* WHAT THE EXERCISE ASKS:
Lines before the one containing "マッツヤーサナで大胸筋鎖骨部を伸ばす" in the records below are to be left out; that line and all after it, through the end, are to be retyped exactly.

[Records from a data source]
▬▬▬▬▬▬

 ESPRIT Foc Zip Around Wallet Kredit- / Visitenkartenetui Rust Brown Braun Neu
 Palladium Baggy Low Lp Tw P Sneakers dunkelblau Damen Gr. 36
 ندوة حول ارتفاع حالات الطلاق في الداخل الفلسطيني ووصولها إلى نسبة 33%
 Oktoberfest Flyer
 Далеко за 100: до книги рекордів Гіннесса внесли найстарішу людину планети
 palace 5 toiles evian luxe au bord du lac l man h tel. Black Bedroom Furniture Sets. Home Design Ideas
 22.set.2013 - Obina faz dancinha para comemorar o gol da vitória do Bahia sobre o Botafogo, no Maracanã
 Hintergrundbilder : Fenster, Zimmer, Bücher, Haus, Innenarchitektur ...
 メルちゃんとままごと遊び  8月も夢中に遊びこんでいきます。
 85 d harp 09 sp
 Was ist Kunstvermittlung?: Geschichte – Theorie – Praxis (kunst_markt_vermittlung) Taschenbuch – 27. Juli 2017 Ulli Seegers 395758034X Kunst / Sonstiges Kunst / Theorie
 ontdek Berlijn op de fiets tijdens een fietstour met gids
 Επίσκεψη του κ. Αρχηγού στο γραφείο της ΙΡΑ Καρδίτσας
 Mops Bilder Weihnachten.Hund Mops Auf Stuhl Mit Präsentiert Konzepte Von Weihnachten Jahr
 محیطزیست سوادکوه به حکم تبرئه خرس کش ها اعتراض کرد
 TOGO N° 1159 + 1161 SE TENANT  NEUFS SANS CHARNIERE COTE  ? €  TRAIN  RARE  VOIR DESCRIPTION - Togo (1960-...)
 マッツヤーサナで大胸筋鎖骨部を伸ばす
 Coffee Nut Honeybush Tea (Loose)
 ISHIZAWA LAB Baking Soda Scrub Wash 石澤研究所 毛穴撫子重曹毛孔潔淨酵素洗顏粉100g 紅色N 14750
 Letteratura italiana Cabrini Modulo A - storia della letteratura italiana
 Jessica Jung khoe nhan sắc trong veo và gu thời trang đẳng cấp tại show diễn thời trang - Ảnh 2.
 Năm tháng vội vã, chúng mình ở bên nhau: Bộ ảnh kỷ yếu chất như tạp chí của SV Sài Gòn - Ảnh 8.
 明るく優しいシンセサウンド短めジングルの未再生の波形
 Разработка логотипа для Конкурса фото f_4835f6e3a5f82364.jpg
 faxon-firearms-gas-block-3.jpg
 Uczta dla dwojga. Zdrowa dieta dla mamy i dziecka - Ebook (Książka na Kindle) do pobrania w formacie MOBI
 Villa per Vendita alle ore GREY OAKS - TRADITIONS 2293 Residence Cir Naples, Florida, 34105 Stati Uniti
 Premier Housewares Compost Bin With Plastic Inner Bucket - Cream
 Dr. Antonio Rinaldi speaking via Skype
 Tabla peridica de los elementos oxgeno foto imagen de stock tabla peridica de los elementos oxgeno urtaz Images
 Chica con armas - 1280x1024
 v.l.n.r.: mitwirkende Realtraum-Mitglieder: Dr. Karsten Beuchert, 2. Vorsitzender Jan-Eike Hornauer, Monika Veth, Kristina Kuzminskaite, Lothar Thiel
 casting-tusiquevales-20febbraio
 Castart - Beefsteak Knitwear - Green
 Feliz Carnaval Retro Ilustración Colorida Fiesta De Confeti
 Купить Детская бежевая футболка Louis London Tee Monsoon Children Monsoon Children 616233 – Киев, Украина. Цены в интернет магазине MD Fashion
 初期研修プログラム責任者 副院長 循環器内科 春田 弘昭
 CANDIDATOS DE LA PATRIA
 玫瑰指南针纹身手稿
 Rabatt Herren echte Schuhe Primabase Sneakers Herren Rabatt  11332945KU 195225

▬▬▬▬▬▬

* ANSWER BOX:
 マッツヤーサナで大胸筋鎖骨部を伸ばす
 Coffee Nut Honeybush Tea (Loose)
 ISHIZAWA LAB Baking Soda Scrub Wash 石澤研究所 毛穴撫子重曹毛孔潔淨酵素洗顏粉100g 紅色N 14750
 Letteratura italiana Cabrini Modulo A - storia della letteratura italiana
 Jessica Jung khoe nhan sắc trong veo và gu thời trang đẳng cấp tại show diễn thời trang - Ảnh 2.
 Năm tháng vội vã, chúng mình ở bên nhau: Bộ ảnh kỷ yếu chất như tạp chí của SV Sài Gòn - Ảnh 8.
 明るく優しいシンセサウンド短めジングルの未再生の波形
 Разработка логотипа для Конкурса фото f_4835f6e3a5f82364.jpg
 faxon-firearms-gas-block-3.jpg
 Uczta dla dwojga. Zdrowa dieta dla mamy i dziecka - Ebook (Książka na Kindle) do pobrania w formacie MOBI
 Villa per Vendita alle ore GREY OAKS - TRADITIONS 2293 Residence Cir Naples, Florida, 34105 Stati Uniti
 Premier Housewares Compost Bin With Plastic Inner Bucket - Cream
 Dr. Antonio Rinaldi speaking via Skype
 Tabla peridica de los elementos oxgeno foto imagen de stock tabla peridica de los elementos oxgeno urtaz Images
 Chica con armas - 1280x1024
 v.l.n.r.: mitwirkende Realtraum-Mitglieder: Dr. Karsten Beuchert, 2. Vorsitzender Jan-Eike Hornauer, Monika Veth, Kristina Kuzminskaite, Lothar Thiel
 casting-tusiquevales-20febbraio
 Castart - Beefsteak Knitwear - Green
 Feliz Carnaval Retro Ilustración Colorida Fiesta De Confeti
 Купить Детская бежевая футболка Louis London Tee Monsoon Children Monsoon Children 616233 – Киев, Украина. Цены в интернет магазине MD Fashion
 初期研修プログラム責任者 副院長 循環器内科 春田 弘昭
 CANDIDATOS DE LA PATRIA
 玫瑰指南针纹身手稿
 Rabatt Herren echte Schuhe Primabase Sneakers Herren Rabatt  11332945KU 195225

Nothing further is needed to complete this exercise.